_Information provided_
—————

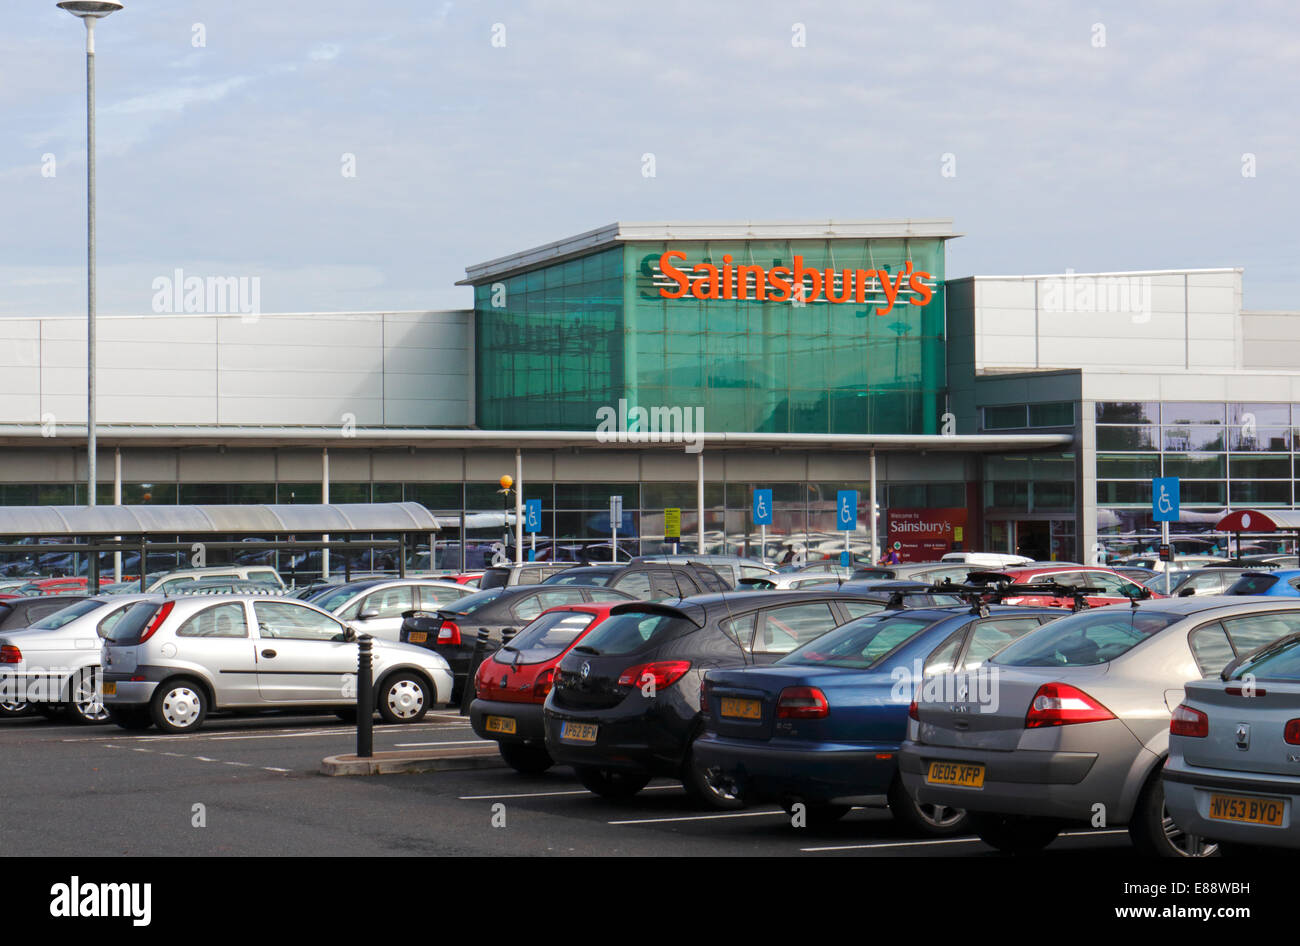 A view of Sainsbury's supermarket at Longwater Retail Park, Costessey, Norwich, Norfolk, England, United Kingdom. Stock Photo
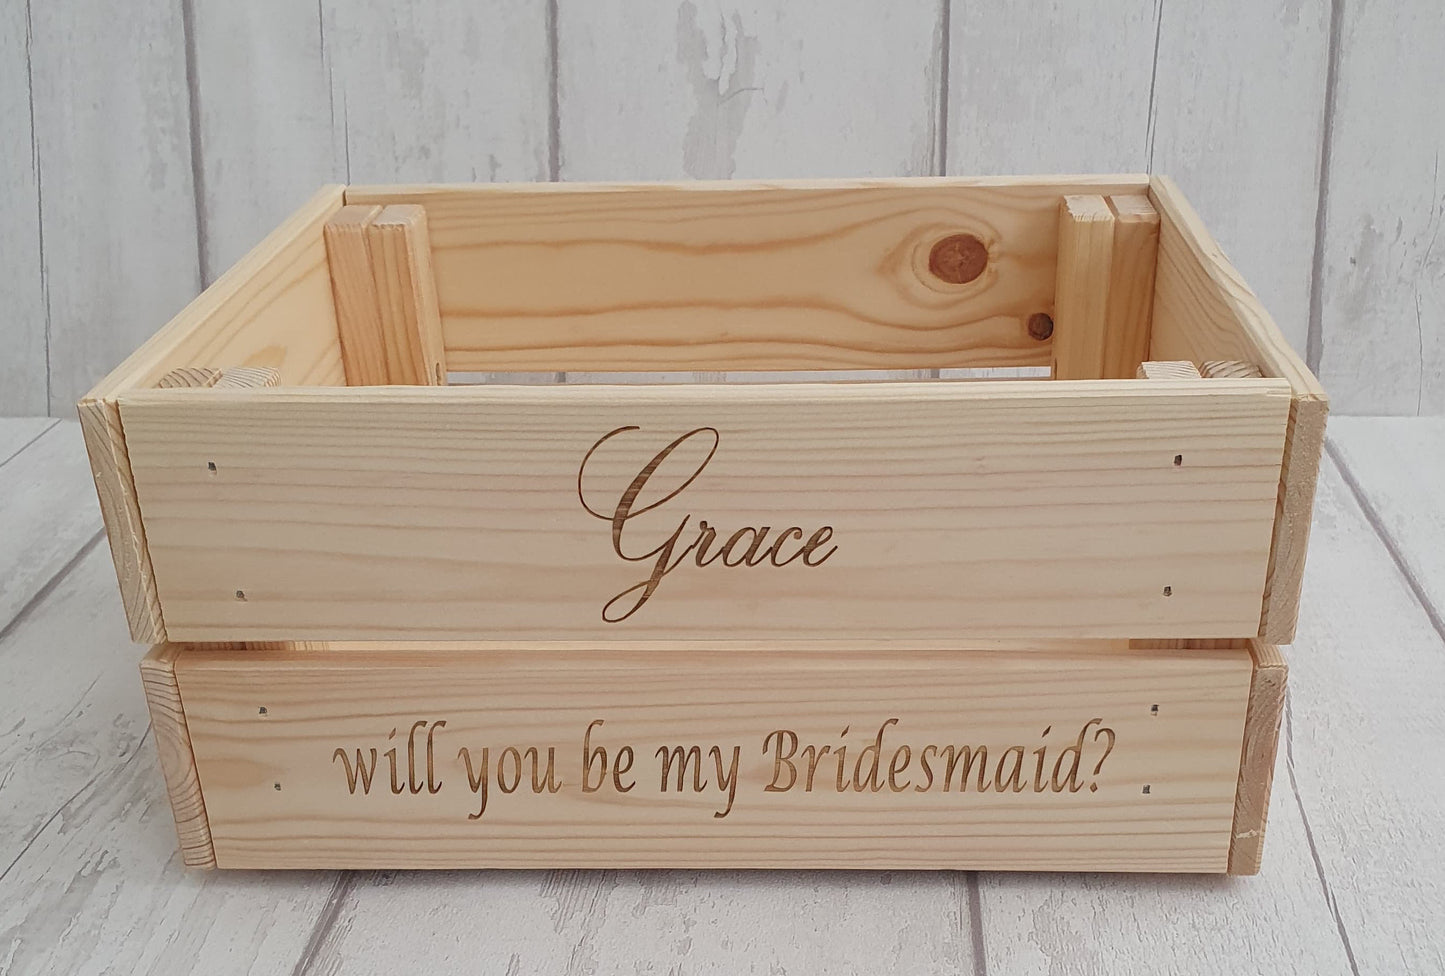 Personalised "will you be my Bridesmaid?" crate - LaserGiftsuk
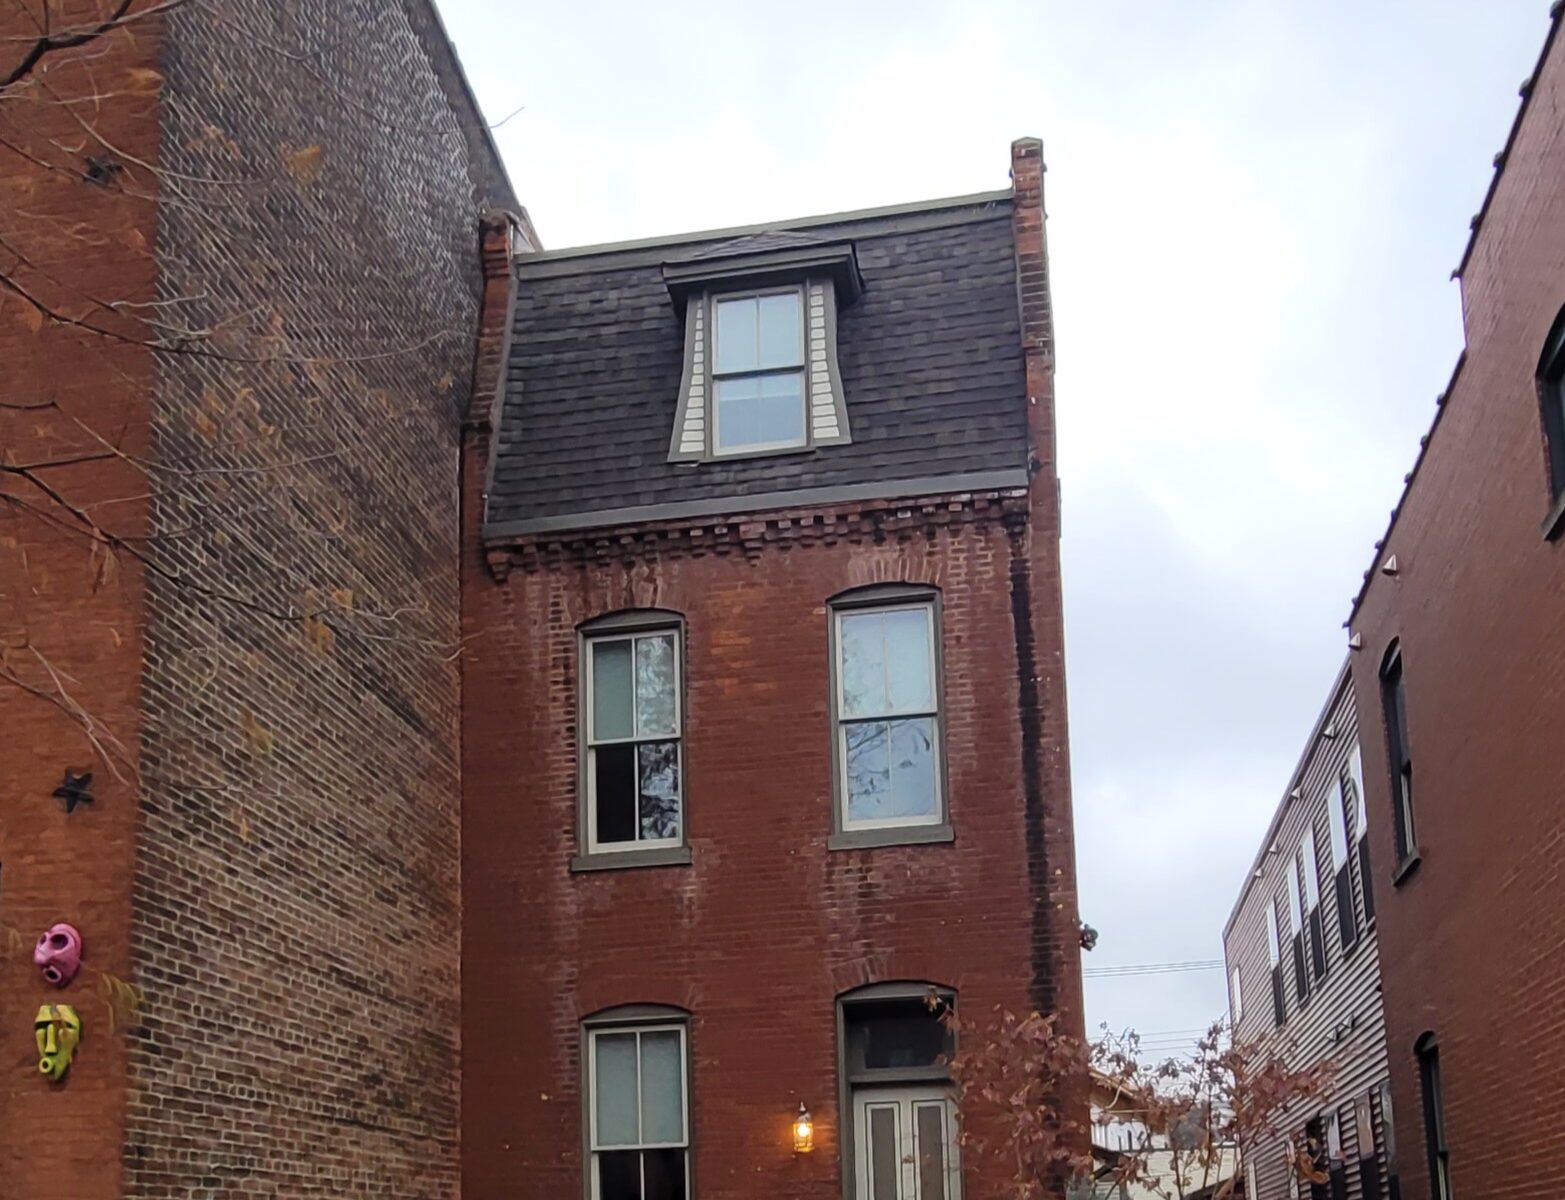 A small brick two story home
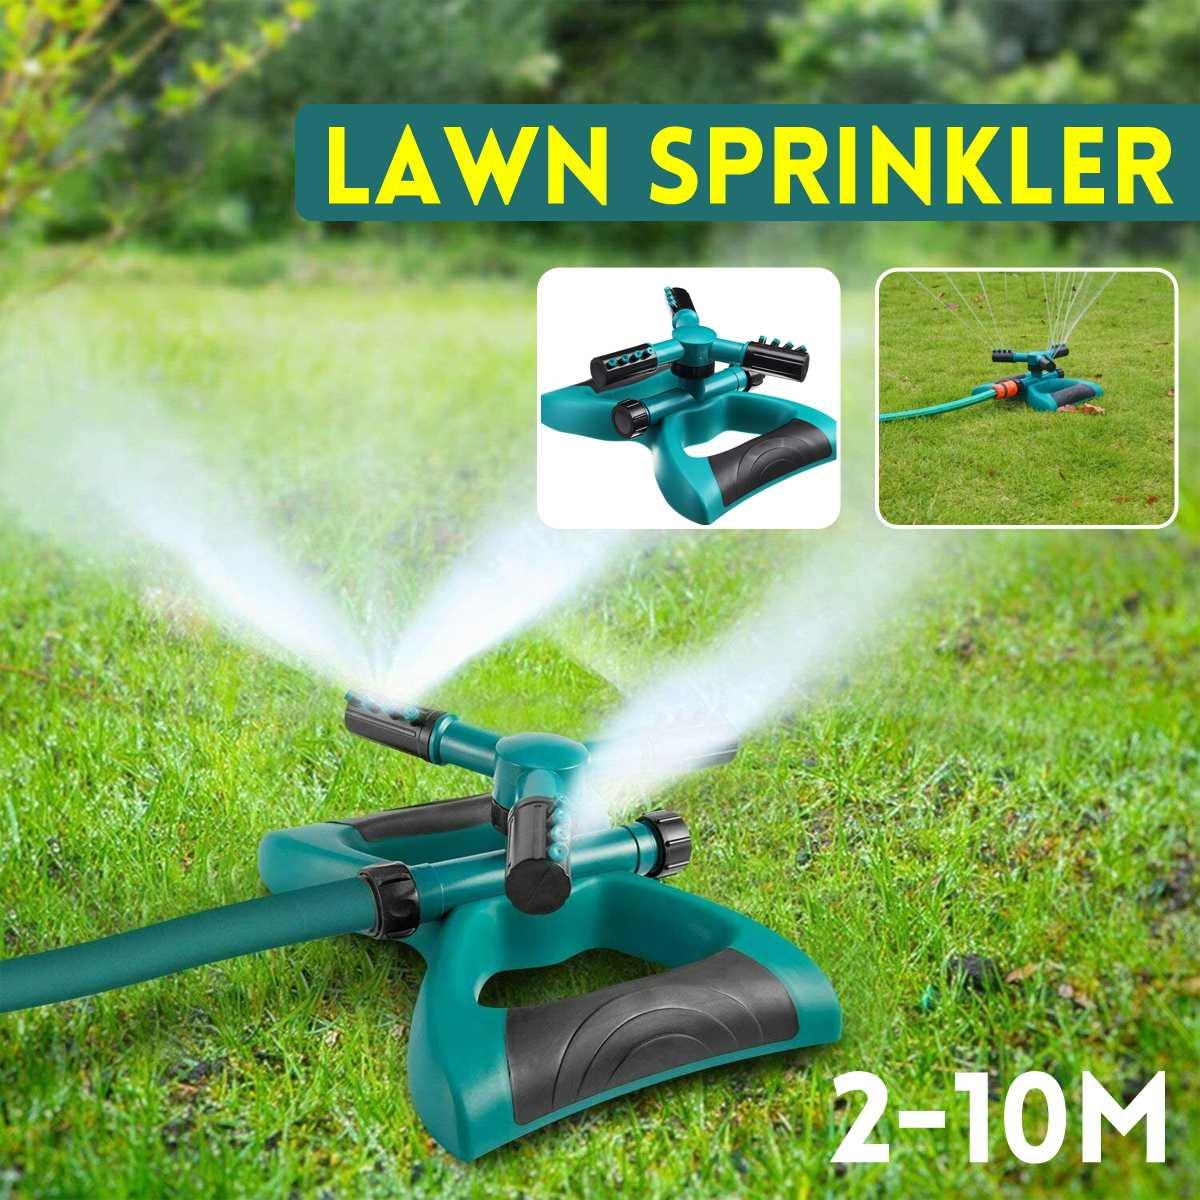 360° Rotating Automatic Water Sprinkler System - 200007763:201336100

—————

Drop the pictures, then reproduce exactly the lines from the one with "crate - LaserGiftsuk" through the final line of the listing.

 Personalised "will you be my Bridesmaid?" crate - LaserGiftsuk
 A small brick two story home
 360° Rotating Automatic Water Sprinkler System - 200007763:201336100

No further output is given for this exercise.